74 I note finally that federal authorities must be in a position to keep the Centre operating in the event of a labour conflict, be that through the Board acting pursuant to section 87.4 of the Canada Labour Code or through Parliament pursuant to back-to-work legislation. It would in fact be incongruous if provincial authorities were called upon to make decisions regarding essential services at a Government of Canada detention centre, or if they were otherwise called upon to interfere in the management of the labour relations affecting the operations of such a centre.

(emphasis added)

[181] The Board would similarly find it incongruous, in the event of a labour dispute impacting the NWS and Canada’s security, that this Board could deal only with employees in the Territories, while the Ontario and Newfoundland labour boards would have to deal with all other Raytheon/CBO employees.

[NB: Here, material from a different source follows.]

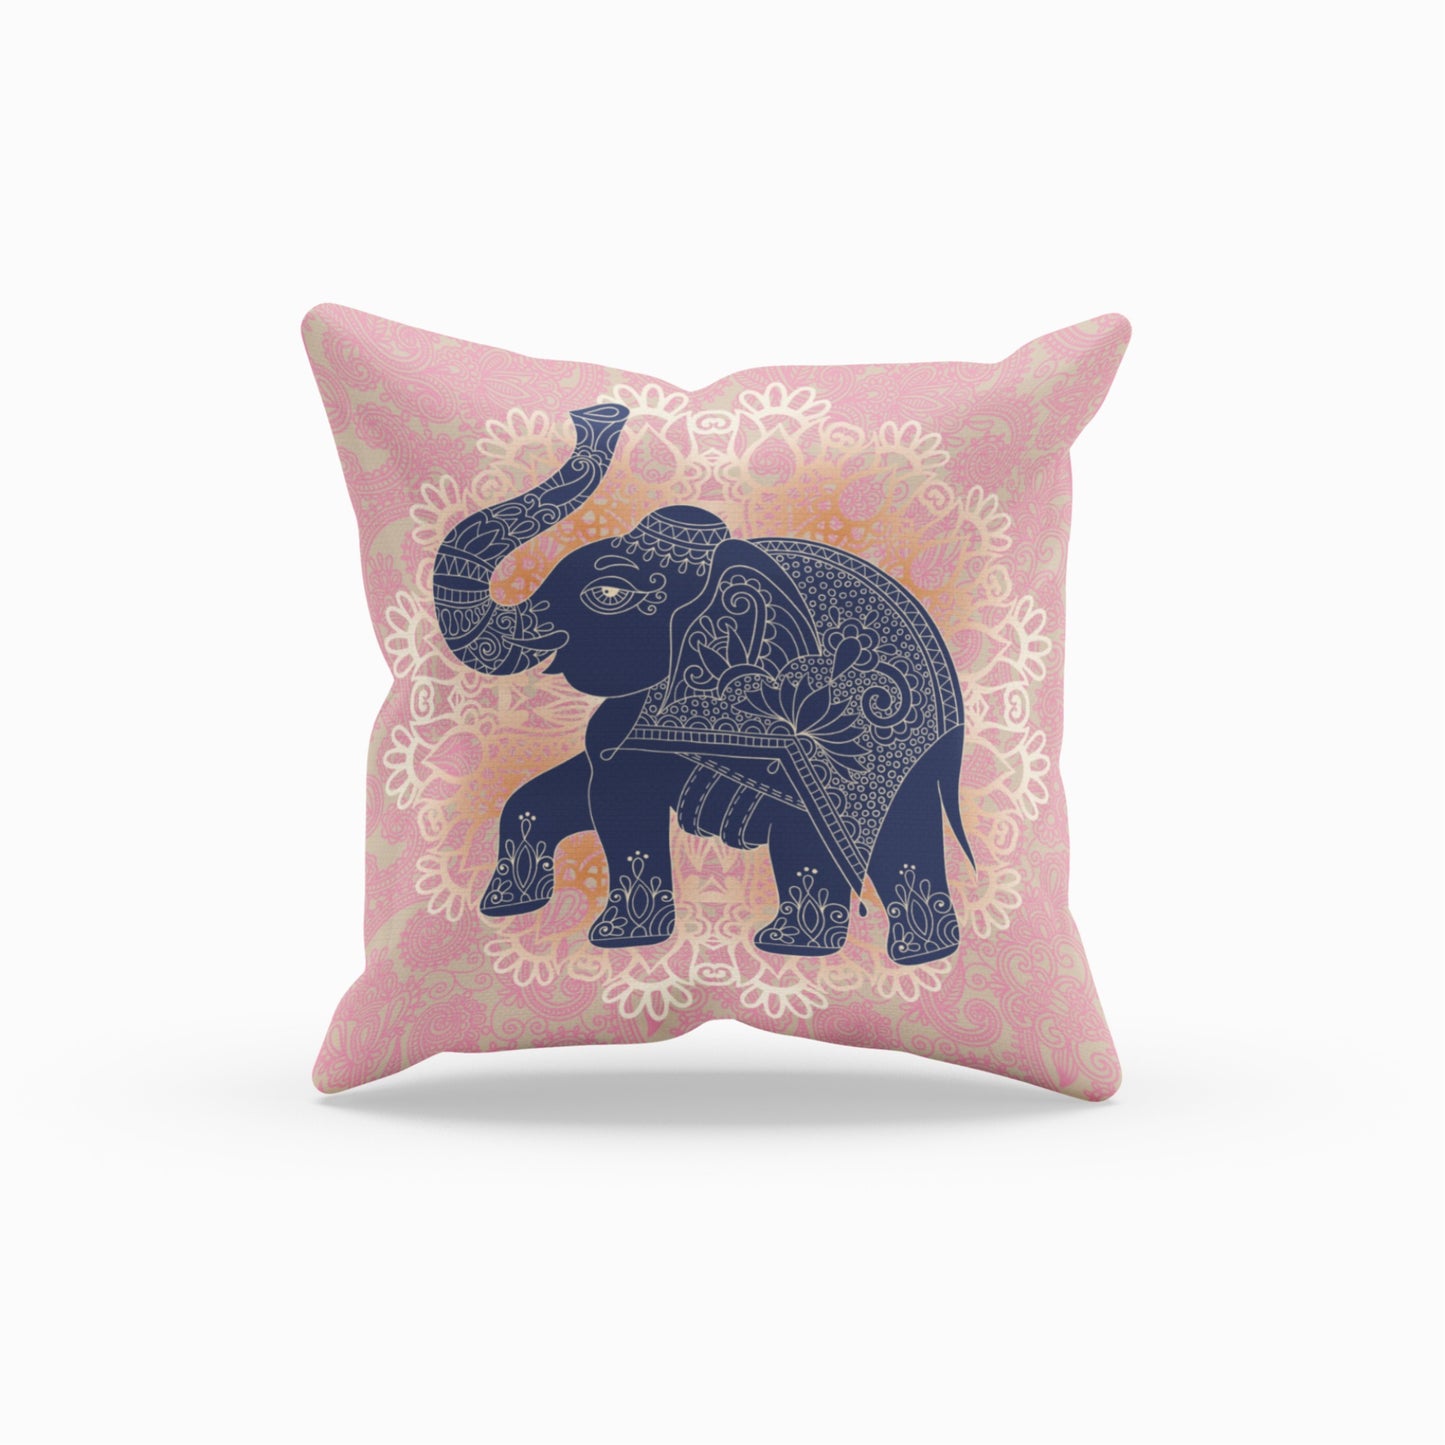 Homeezone's Pink Elephant Throw Pillow
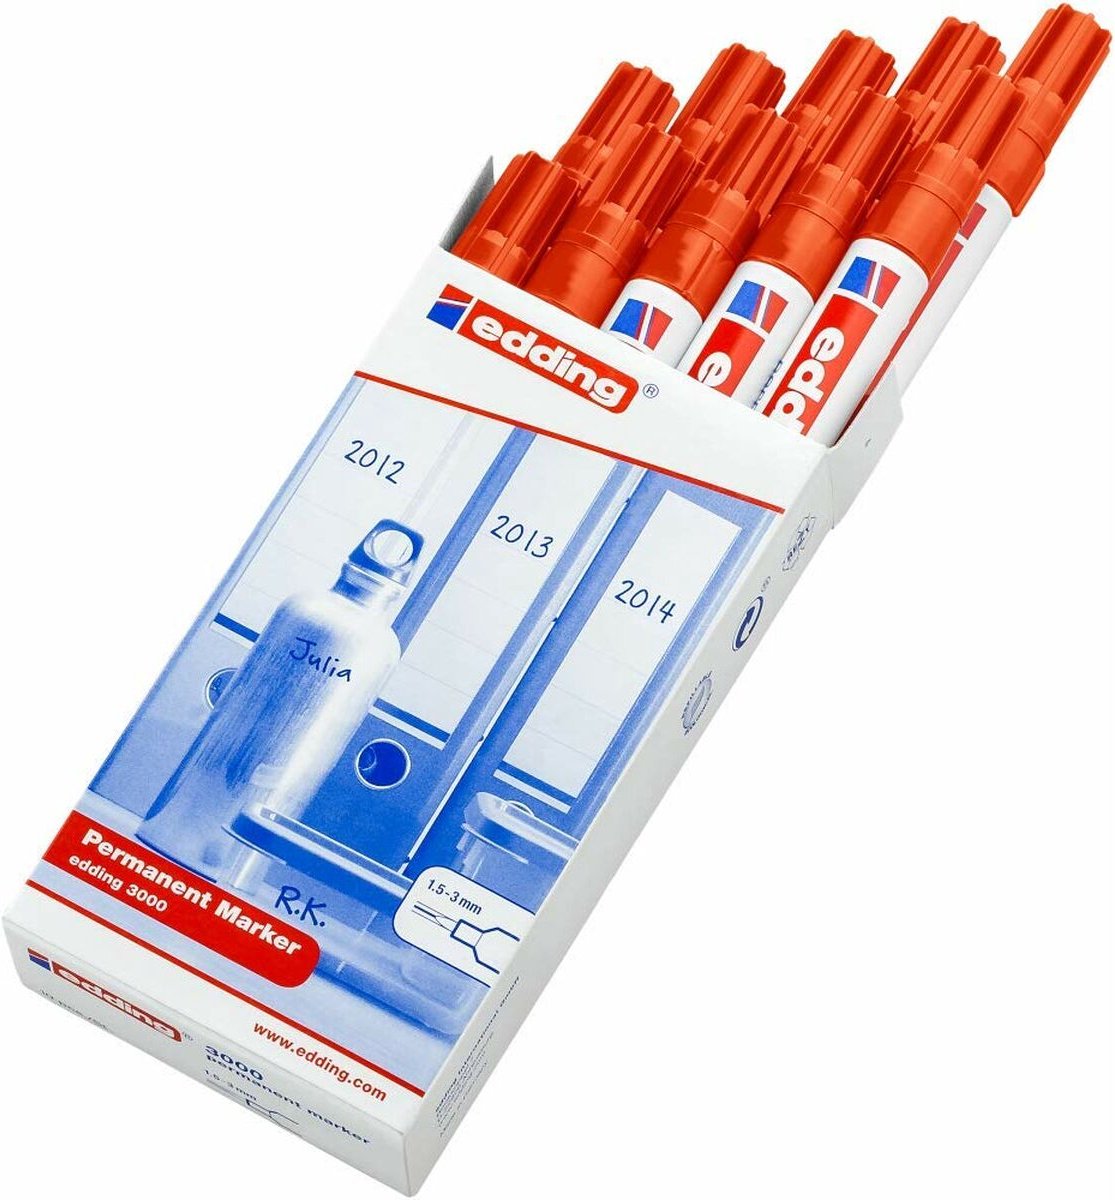 1 stylos marqueur feutre indélébile orange 140s 0,3mm ultra fin à encre  permanente edding pour rétroprojection cd dvd a24 - Un grand marché

[182] While labour relations efficiency is not necessarily a factor for decisions about a labour Board’s jurisdiction, it can provide helpful perspective on how vital, essential and integral a particular service might be to a federal undertaking.

[183] The Board concludes that Raytheon’s and CBO’s services under the Renewal Contract meet the threshold of being vital, essential and integral to DND’s ability to carry out its federal defence undertaking.

VI. Conclusion

[184] For the reasons expressed herein, the Board concludes that it has jurisdiction over a severable portion of Raytheon’s and CBO’s operations relating to the Renewal Contract.

[185] The Board understands that the IBEW has also filed certification applications to represent Raytheon and CBO employees. A different panel is assigned to these matters.

[186]  The Board requests that the IBEW advise of its intentions now that the jurisdictional issue has been resolved. The Board will then consider its next steps.

[187] This is a unanimous decision of the Board.